Isn't this just like sinking a ship to make a new reef, just that here instead of using an explosion to kick off decomposition, they're doing it electrically?? And with the sunken ships there's an "instant structure"....
UK Laptops
Anyway, that pretty much sums up my pointless story. But it is very cool to see this 20+ year old idea actually used for something beneficial.
W..w..W - Willy Waterloo washes Warren Wiggins who is washing Waldo Woo.
Healthy corals grow quickly--up to ten times faster than normal when exposed to the Biorock Process, even in poor water conditions.
Could this possibly be used in aquariums?
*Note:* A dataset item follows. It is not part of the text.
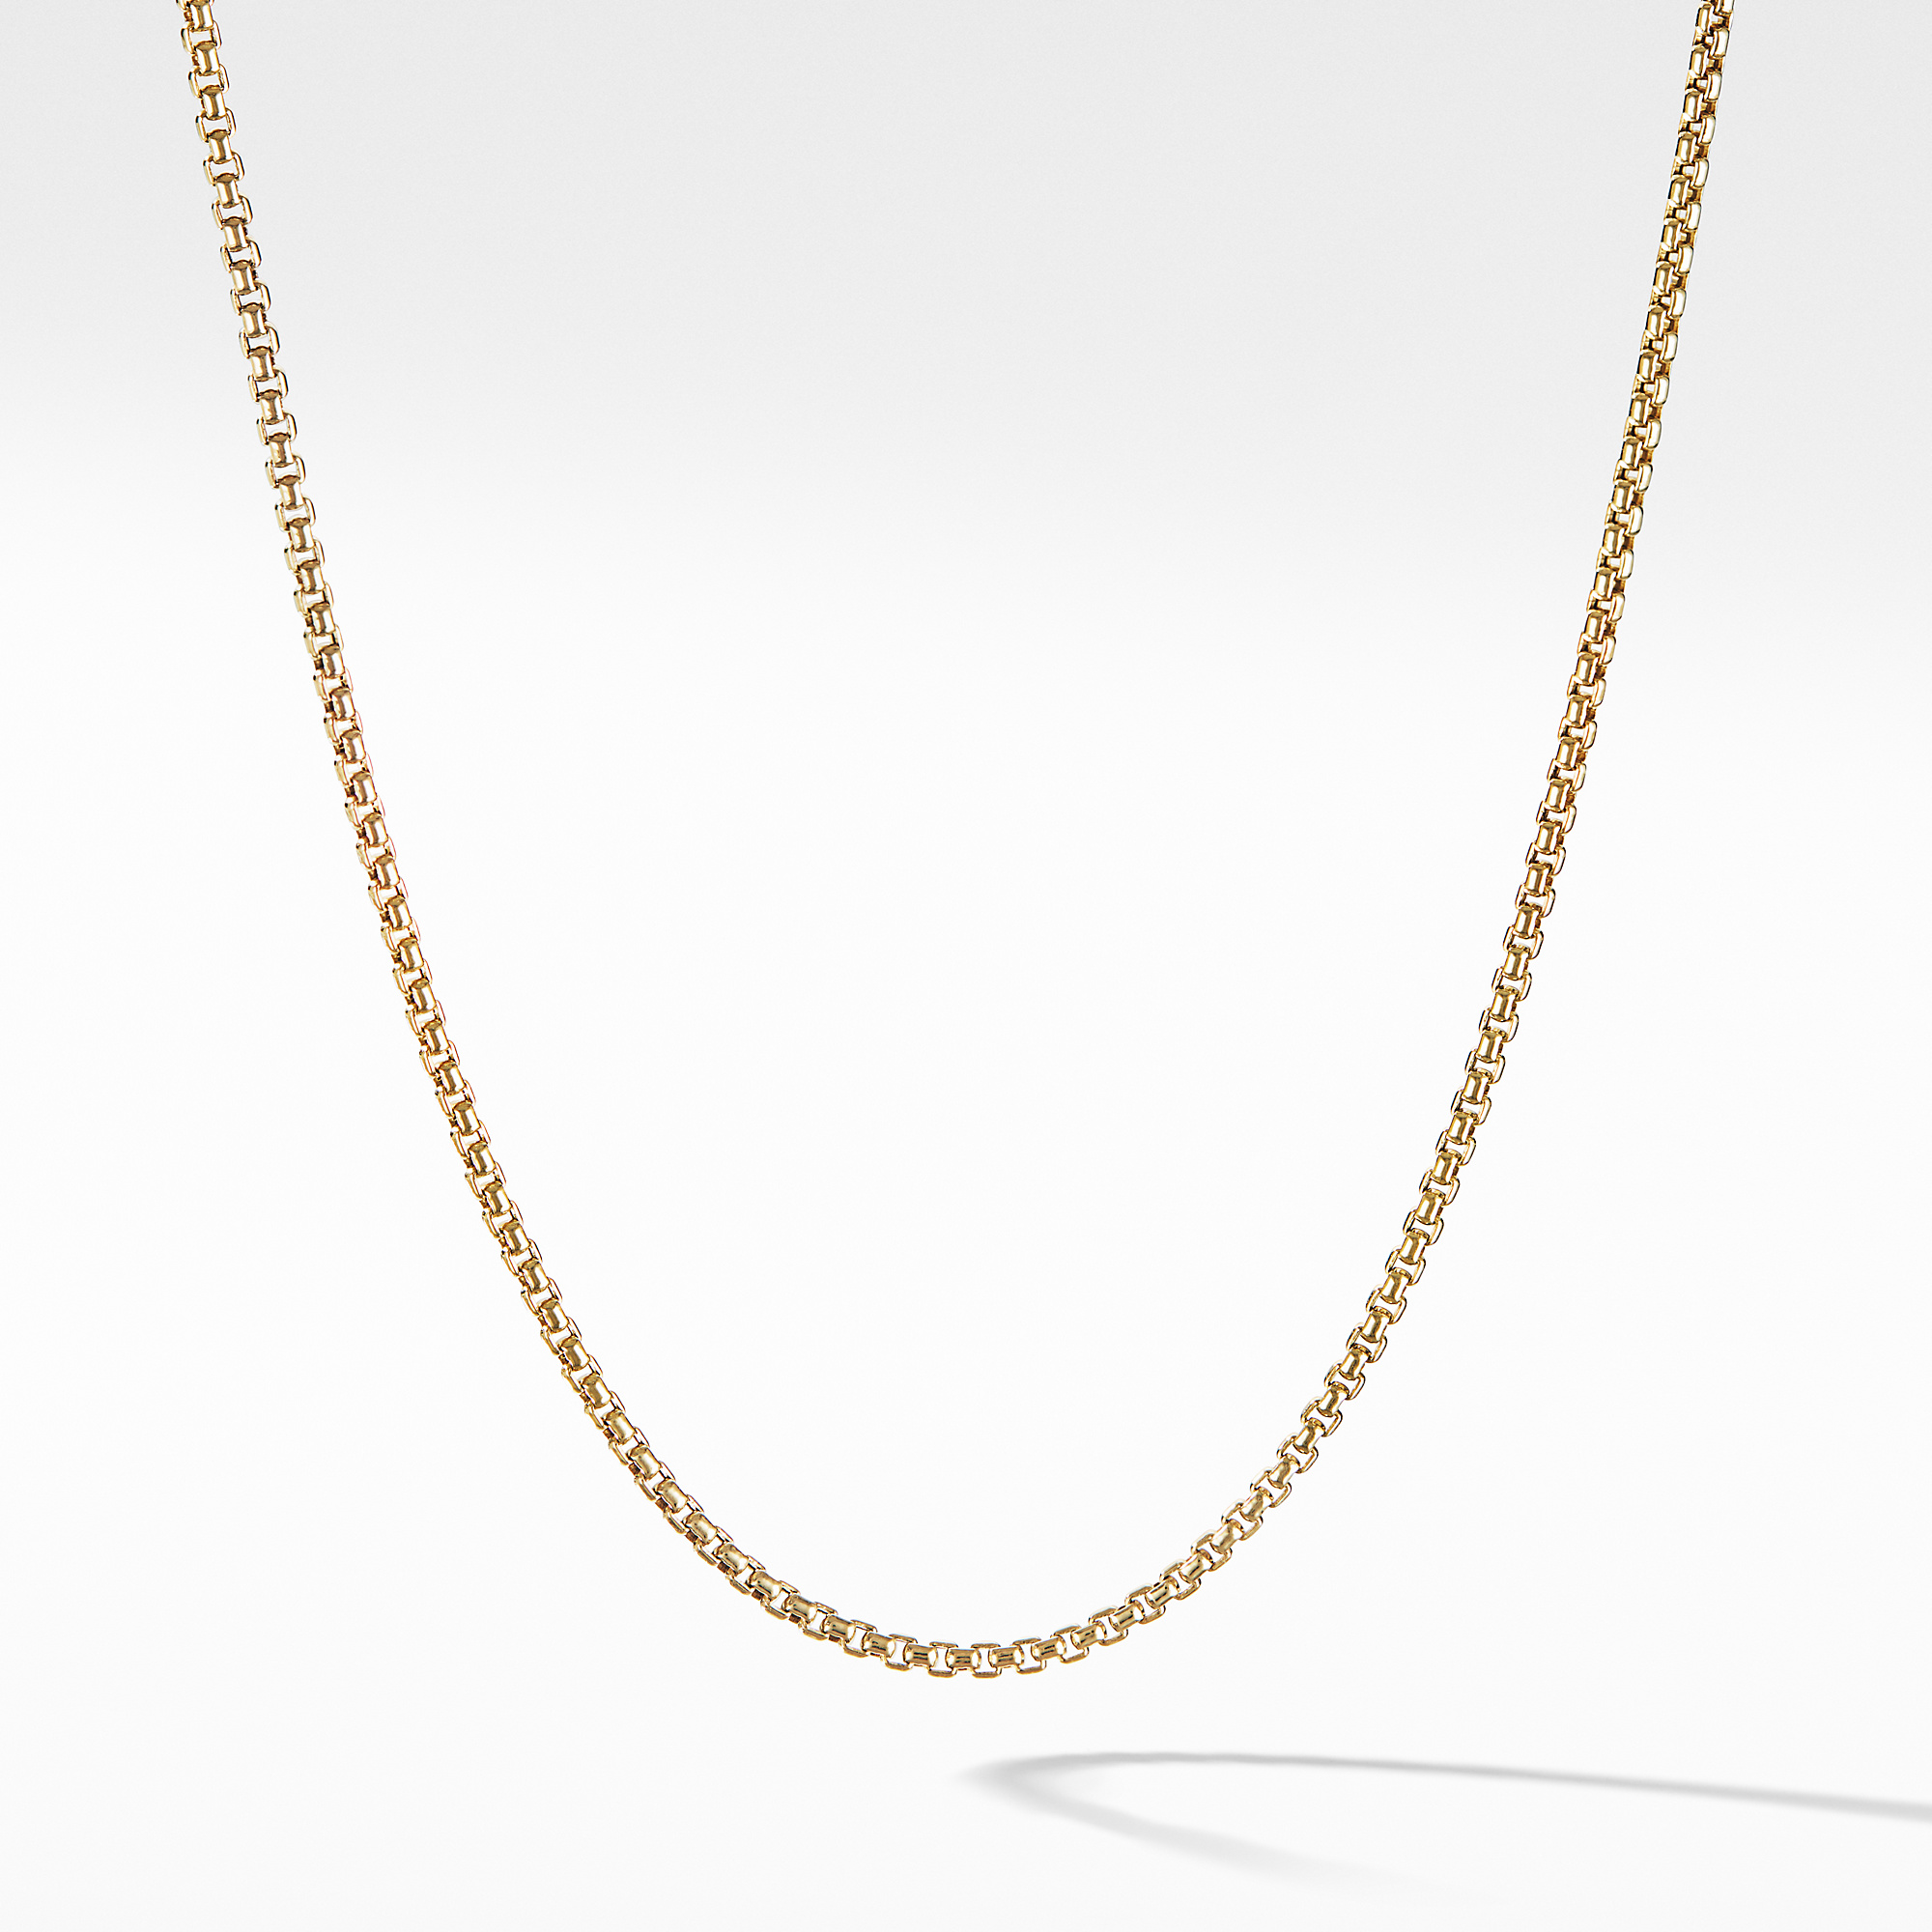 David Yurman Box Chain Necklace in 18K Yellow Gold, 36" 0

It would be interesting to grow corals in an accellerated rate in an aquarium.
I guess I'll switch my usual Filet-O-Fish for a Big Mac.
Indeed. A few years back, I was working with an NGO out in Ghana, West Africa. One day, seeing all of the piles of dried fish for sale in the market, I asked one of my local friends how they caught so many fish. He replied "Oh, its simple. They pour DDT into a lake, all of the fish float to the surface".
I was shocked; I asked him whether they knew that DDT was nasty stuff, and in particular a cumulative poison. He said "Yes", but pointed out that the economics of the situation, versus the fact that the poison wasn't concentrated enough in any given fish to kill someone outright, meant that DDT fishing was still commonly practiced.
Tubal-Cain smokes the white owl.
I coached high school debaters on their ocean topic last year, and artificial coral reefs were a popular point of contention. I won't really go into detail here, but don't rely on that website as your source of information. The Coral Reef Taskforce is nothing more than a front for the creators of BioRock. The whole webpage is a large advertisement. Other makers of artificial reefs and many professional scuba diving organizations also don't really care for BioRock because it is ugly, expensive, and potentially dangerous (I guess there's a risk of shock).
In any case, I'd love to see solutions put in place to save coral reefs, but I'm not so desperately enthusiastic that I'll heed the words of a website infomercial that proclaim BioRock to be the best solution.